2.2. Expression of Os6PGDH1

Transcriptional analysis revealed that Os6PGDH1 was widely expressed in all rice tissues, with the highest expression level in outer leaf sheaths, followed by roots and leaves. In comparison to other tissues, inner leaf sheaths and seeds showed the lowest expression of Os6PGDH transcripts (Figure 2).

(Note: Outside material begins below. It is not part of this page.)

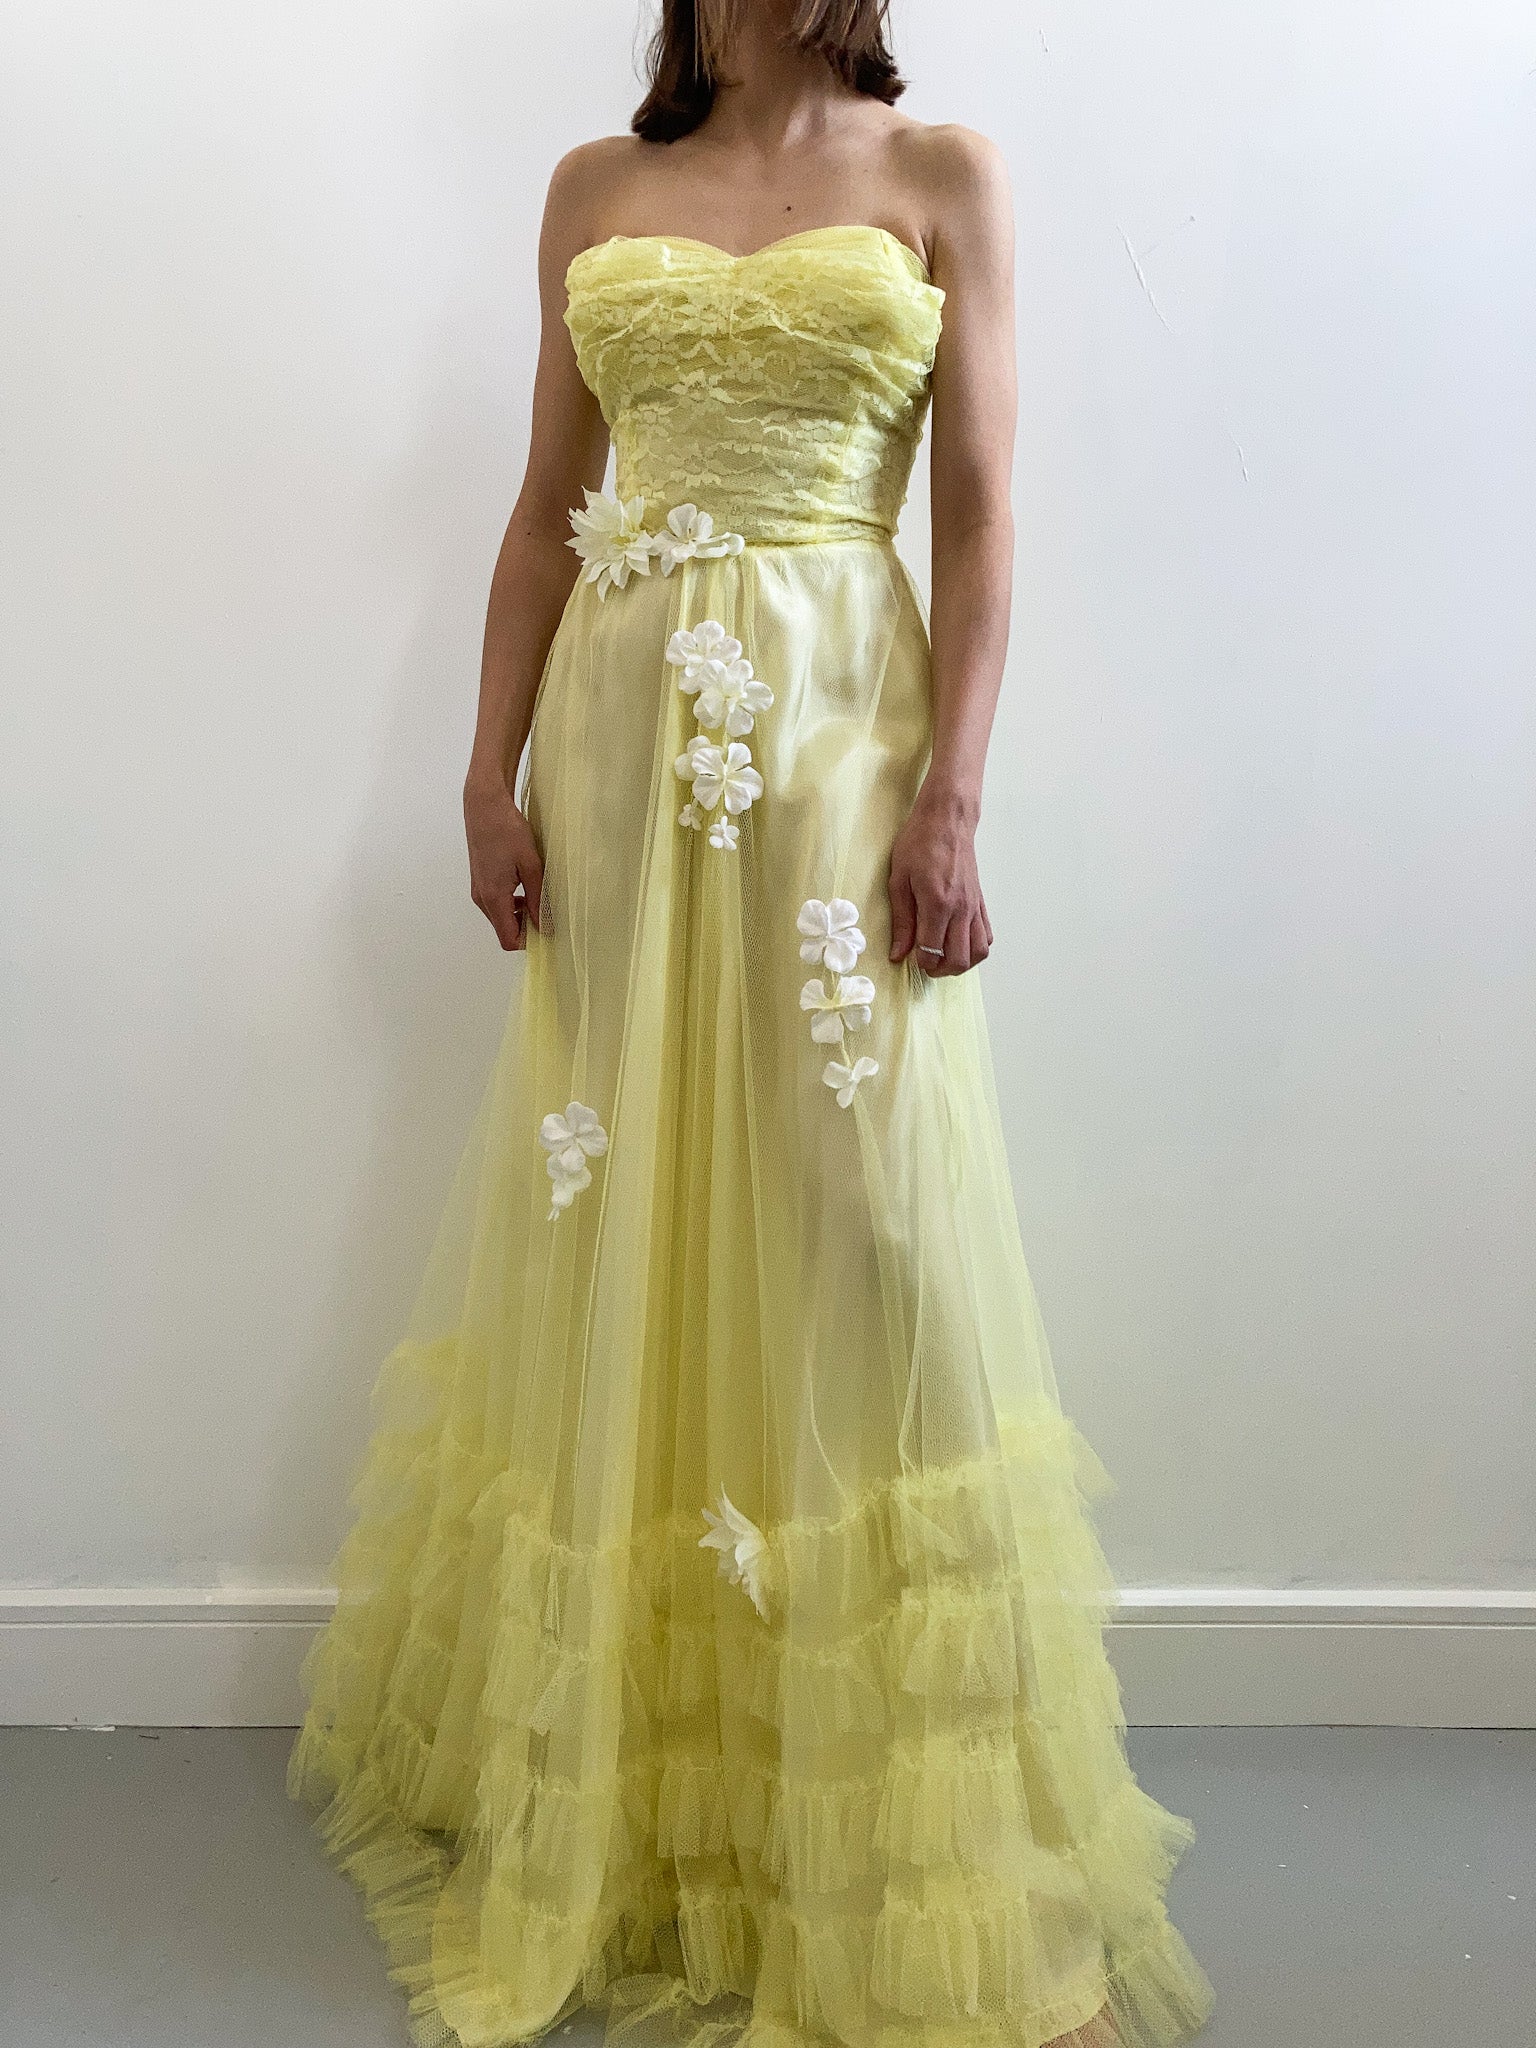 1930s Yellow Sweetheart Net and Flower Gown

Expression profile of *Os6PGDH1* gene in various tissues of rice. (A) Schematic of a 30-day-old seedling with a fully expanded fifth leaf. Samples were collected from the fifth fully expanded leaves, inner leaf sheaths, outer leaf sheaths, roots (tissues indicated), and seeds of rice variety Xiushui 110, and used for RNA extraction and quantitative real-time PCR (qRT-PCR) analysis. (B) Relative transcript levels of *Os6PGDH1* in different tissues of rice. Values are means + SE, n = 6. Different letters indicate significant differences among tissues (one-way ANOVA followed by Duncan’s multiple range test, p < 0.05).

We also investigated the transcript level of Os6PGDH1 in rice plants treated with mechanical wounding, JA, or SA, or infested with BPH. The result showed that mechanical wounding (1.5 to 24 h post-treatment), BPH infestation (3 to 48 h post-treatment), and JA treatment (1.5, 6 to 48 h post-treatment) all induced the expression of Os6PGDH1 (Figure 3A–C). In addition, SA treatment slightly induced the expression of Os6PGDH1 (Figure 3D). These data suggest that the transcript level of Os6PGDH1 varied with rice tissues and that Os6PGDH1 may be involved in herbivore-induced defenses in rice.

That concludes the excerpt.